In this case, nothing technically “broke.” A valid API key was used exactly as designed. The gap is that security validated access, but never validated intent or scale. That’s where denial-of-wallet becomes real, where legitimate access drives uncontrolled consumption at machine speed.
The response of blocking traffic at the IP level reflects how most defenses are still operating at the wrong layer. IP-based controls are easy to bypass in modern environments where requests can be distributed or proxied at scale.
What’s needed now is session-level understanding. Not just who has access, but how that access is being used in real time. Without that, organizations will continue to detect abuse only after the damage is already done.”
A Shift in API Security Strategy
This development highlights a broader transformation in cloud and AI security. API keys are no longer just identifiers. They are increasingly tied to powerful backend systems that process sensitive data and incur real costs.
The problem is compounded by developer guidance that historically encouraged embedding these keys directly into applications. Once published, those keys persist across app versions and can be harvested indefinitely.
Security teams now face a new reality where legacy design decisions collide with modern AI capabilities. Controls that once focused on authentication must evolve toward monitoring behavior, limiting scope, and enforcing least privilege across AI services.

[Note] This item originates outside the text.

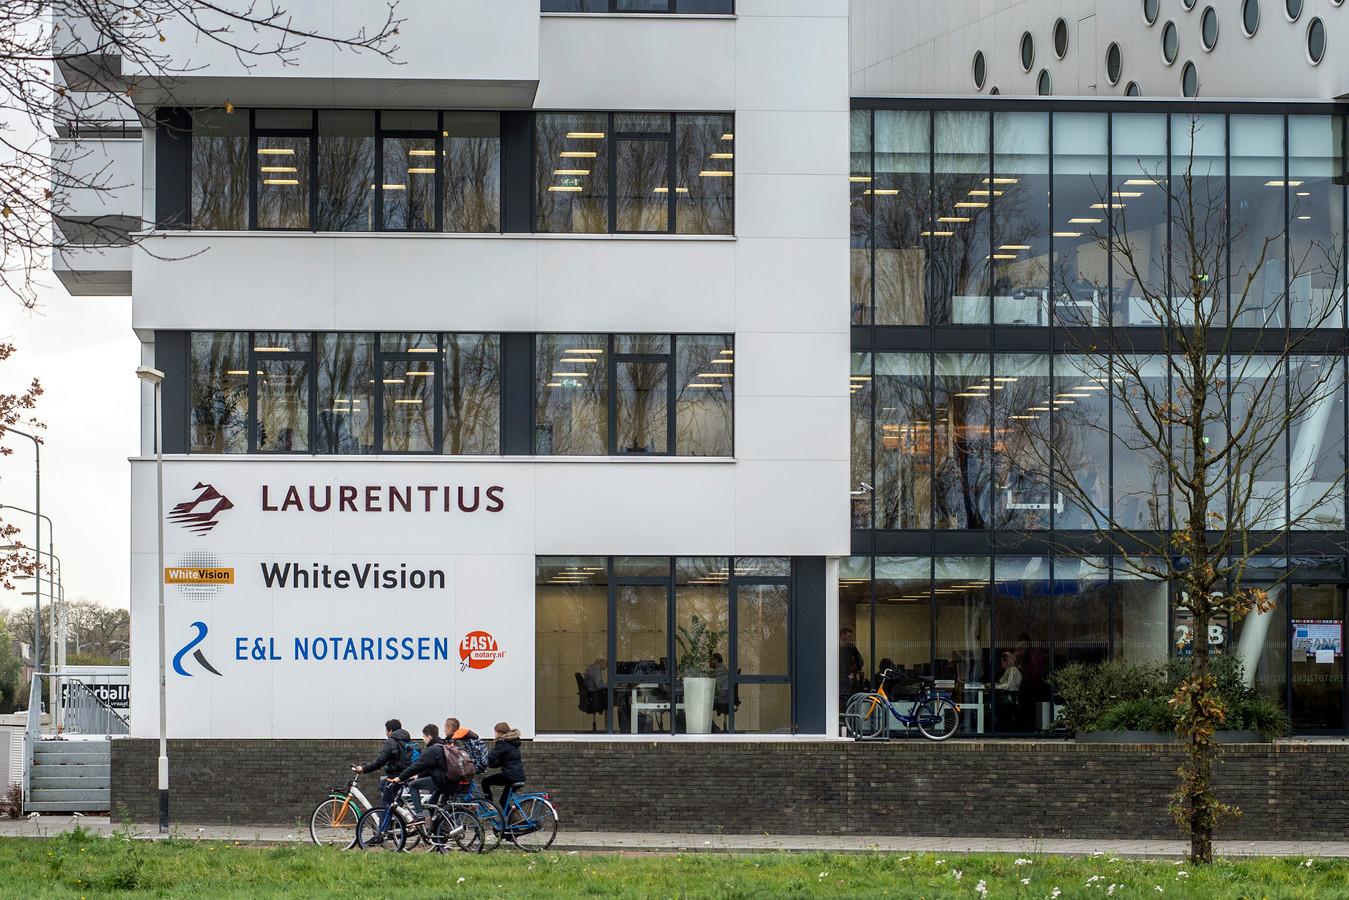 Oud-directeur Walter Vermeulen zou zijn voormalige werkgever Laurentius in Breda mogelijk voor tientallen miljoenen hebben opgelicht.

What Enterprises Should Do Next
The findings point to several immediate actions for organizations building or deploying AI-enabled applications:
Audit all existing API keys and identify unintended access to AI services
Restrict keys by service, environment, and usage limits wherever possible
Move sensitive credentials out of client-side code and into secure backends
Implement real-time monitoring to detect abnormal API usage patterns
Rotate exposed keys and enforce tighter access controls across projects
As AI platforms continue to integrate deeper into developer ecosystems, the boundary between public and sensitive credentials is rapidly disappearing. What was once considered safe to expose is now a direct line into compute, data, and cost.
For security leaders, the takeaway is clear. In the era of AI-driven infrastructure, every key is a potential entry point, and every request carries both data and financial risk.